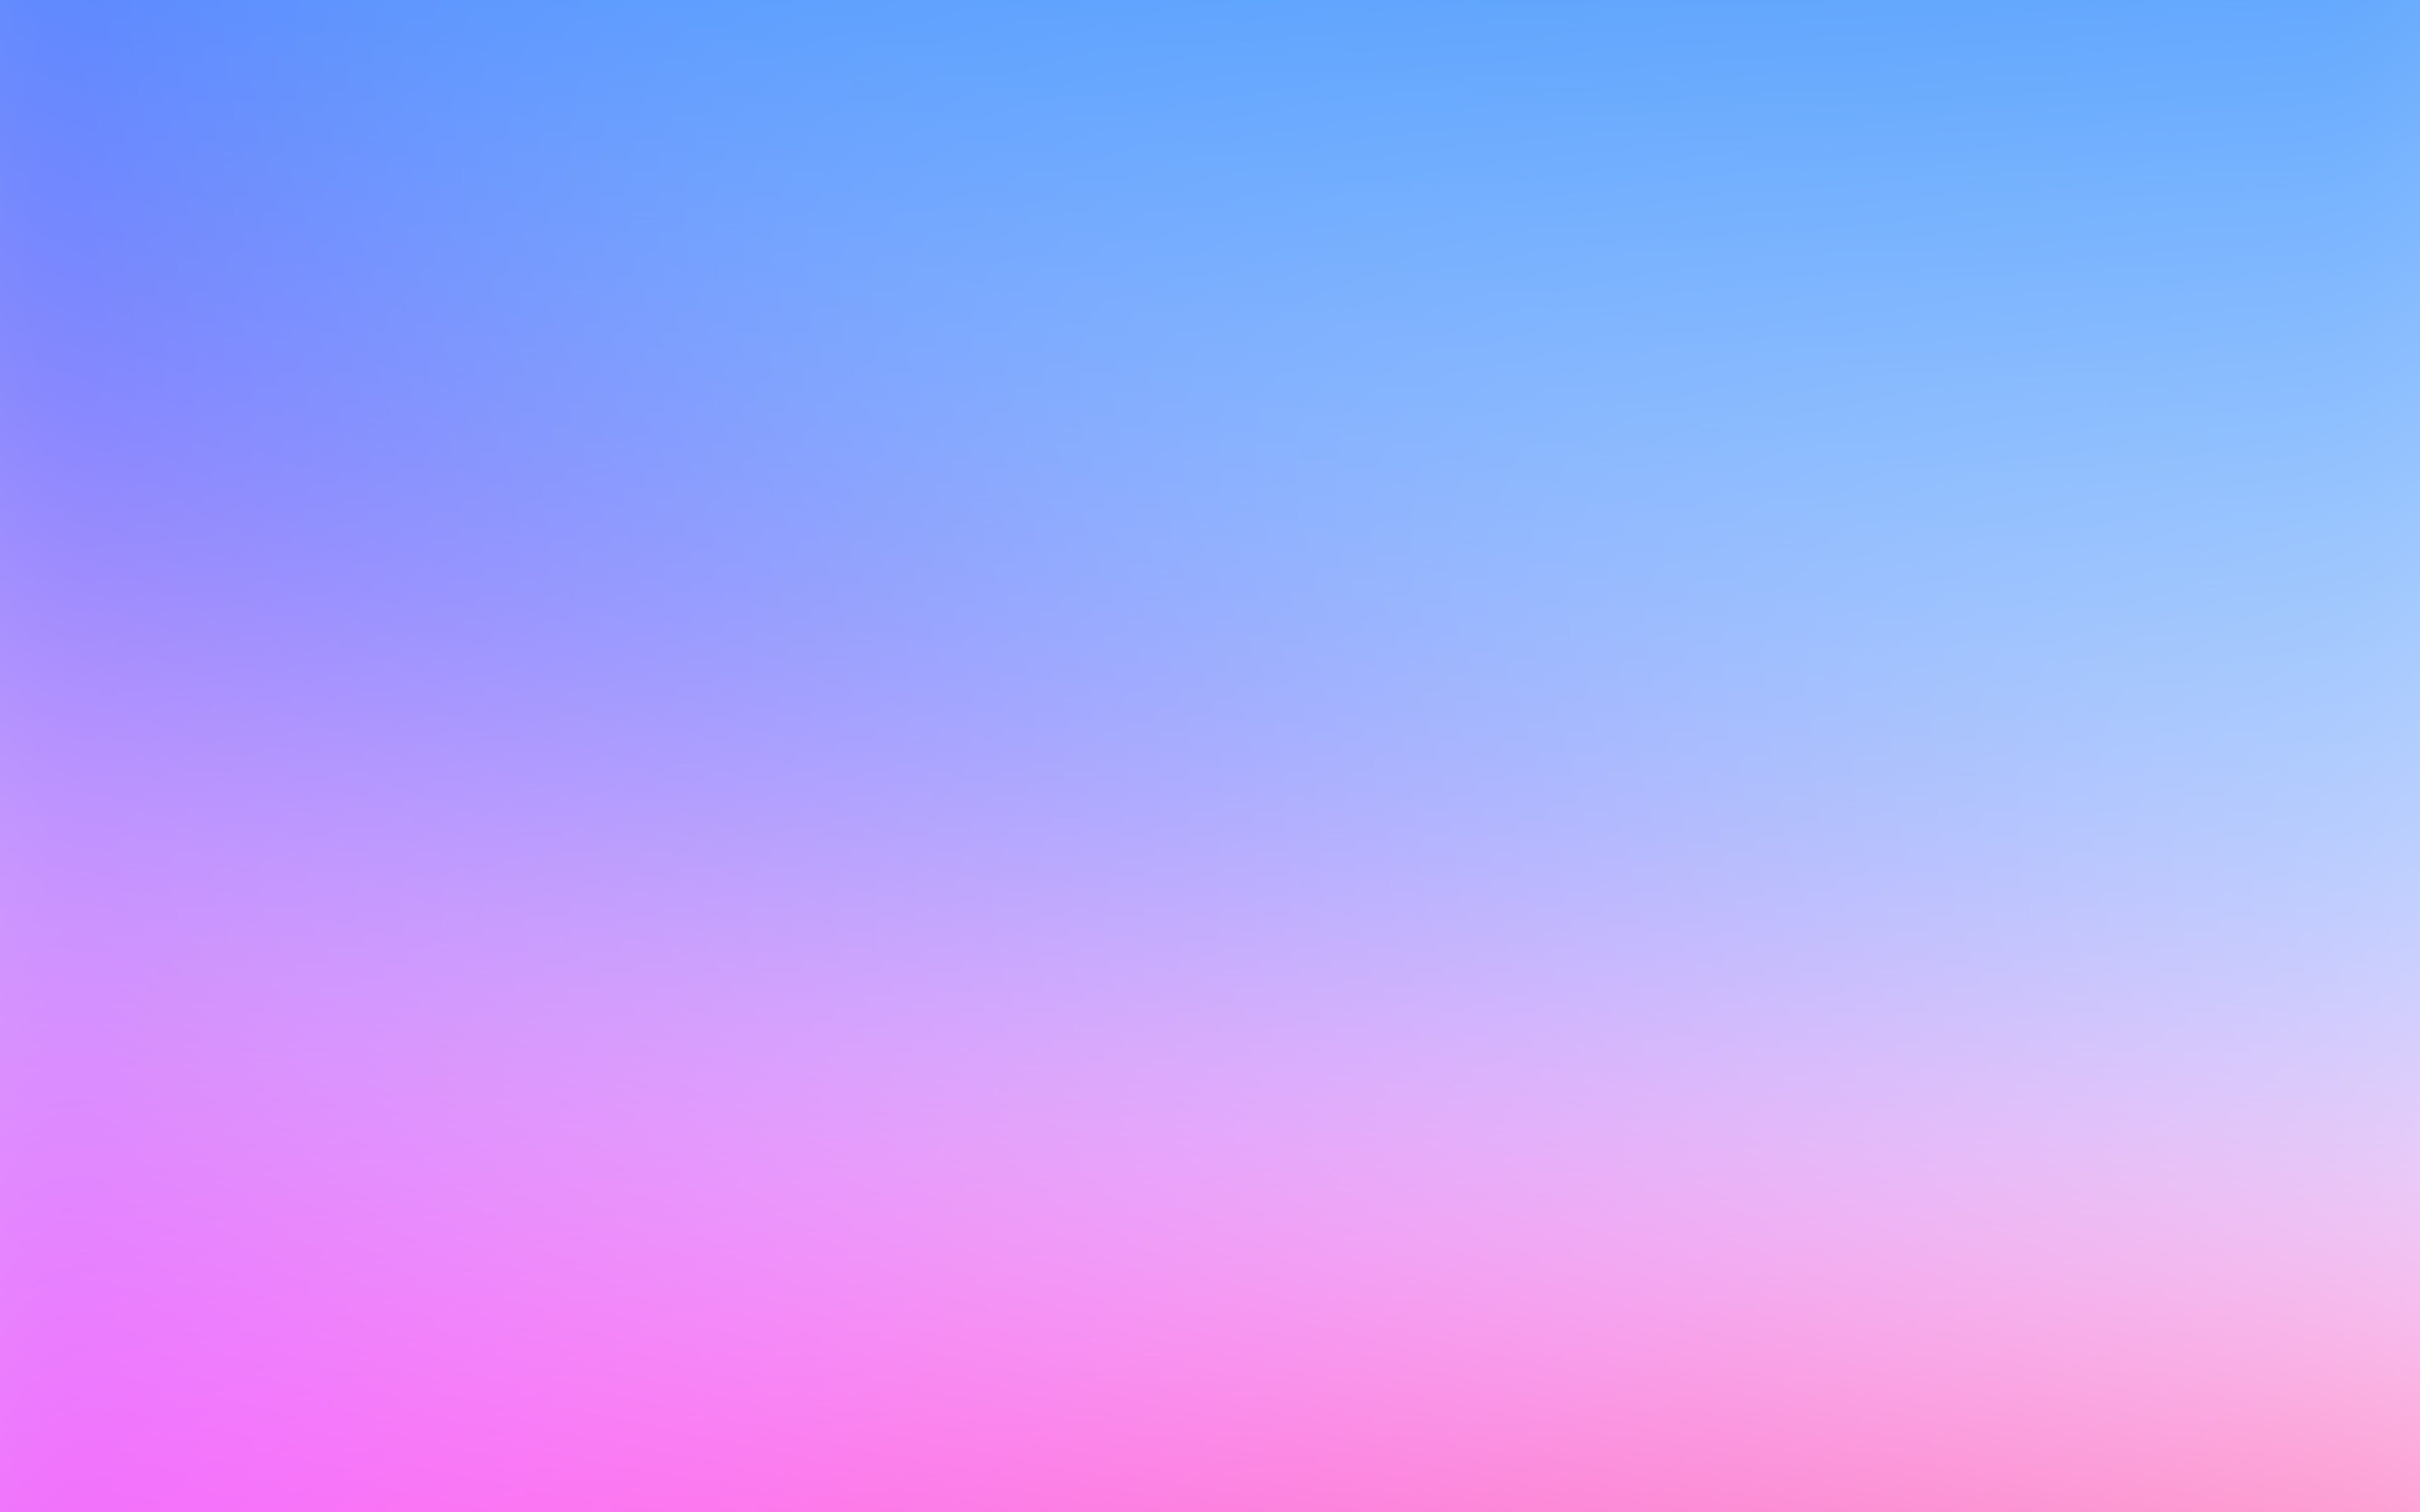 pink, blue, blur, gradation, backgrounds, sky, pink color, abstract
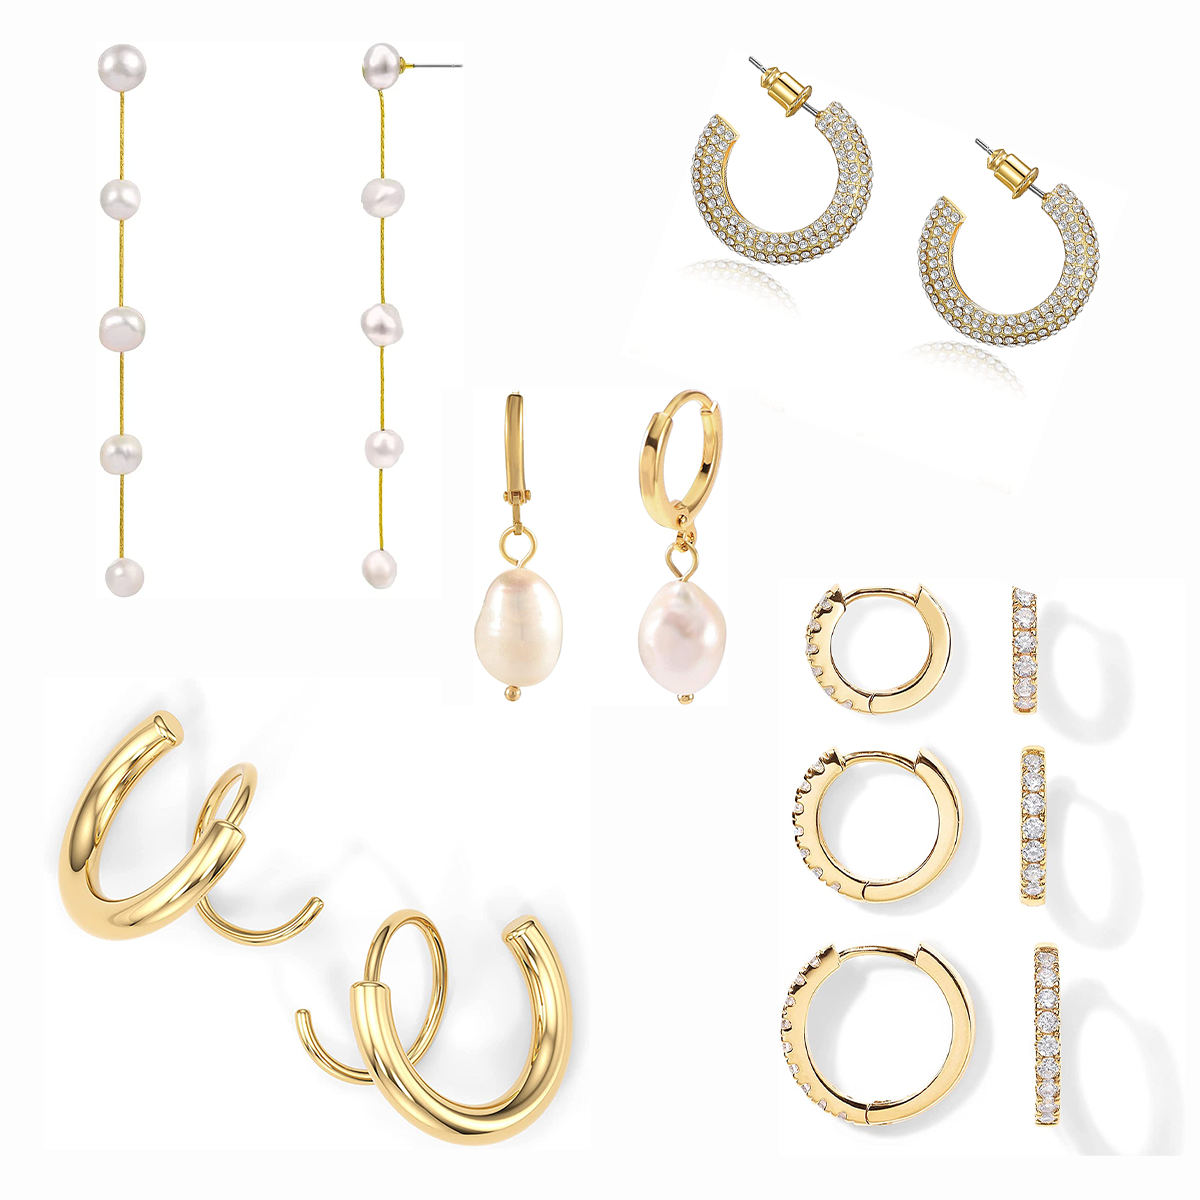 13 Gold Hoop Earrings To Polish Up Your Look
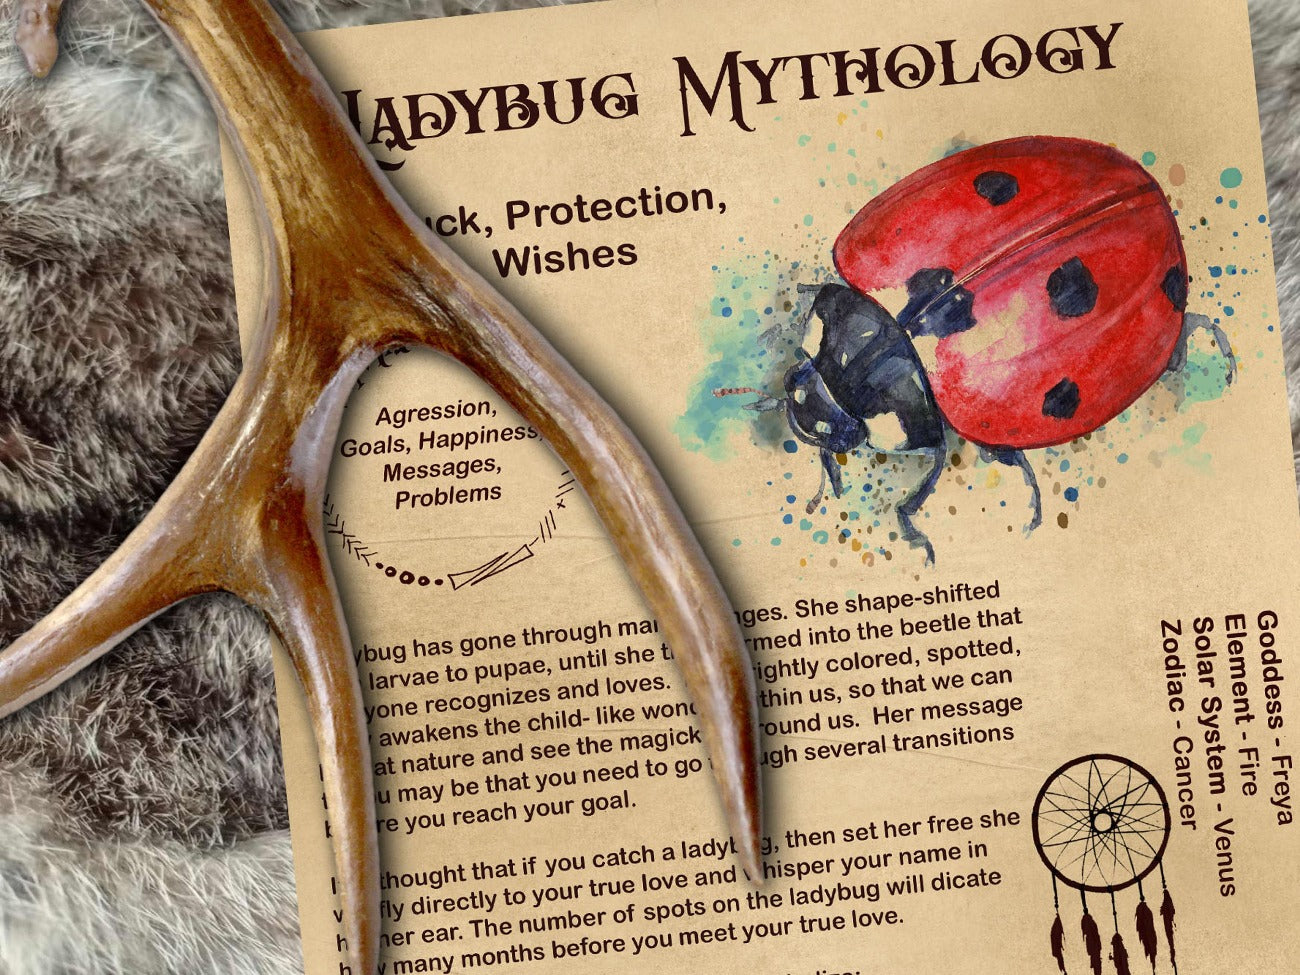 Ladybug Magick Myths & Correspondences 1 printable Book of Shadows Page is displayed in an ancient book on a fur rug with a deer antler. Shown with the parchment background.

- _Work required_
Write out the line that contains "13 Gold Hoop Earrings To Polish Up Your Look" and every line after it to the end of the data, exactly as they stand. Omit the pictures.

- _Reply_
 13 Gold Hoop Earrings To Polish Up Your Look
 Ladybug Magick Myths & Correspondences 1 printable Book of Shadows Page is displayed in an ancient book on a fur rug with a deer antler. Shown with the parchment background.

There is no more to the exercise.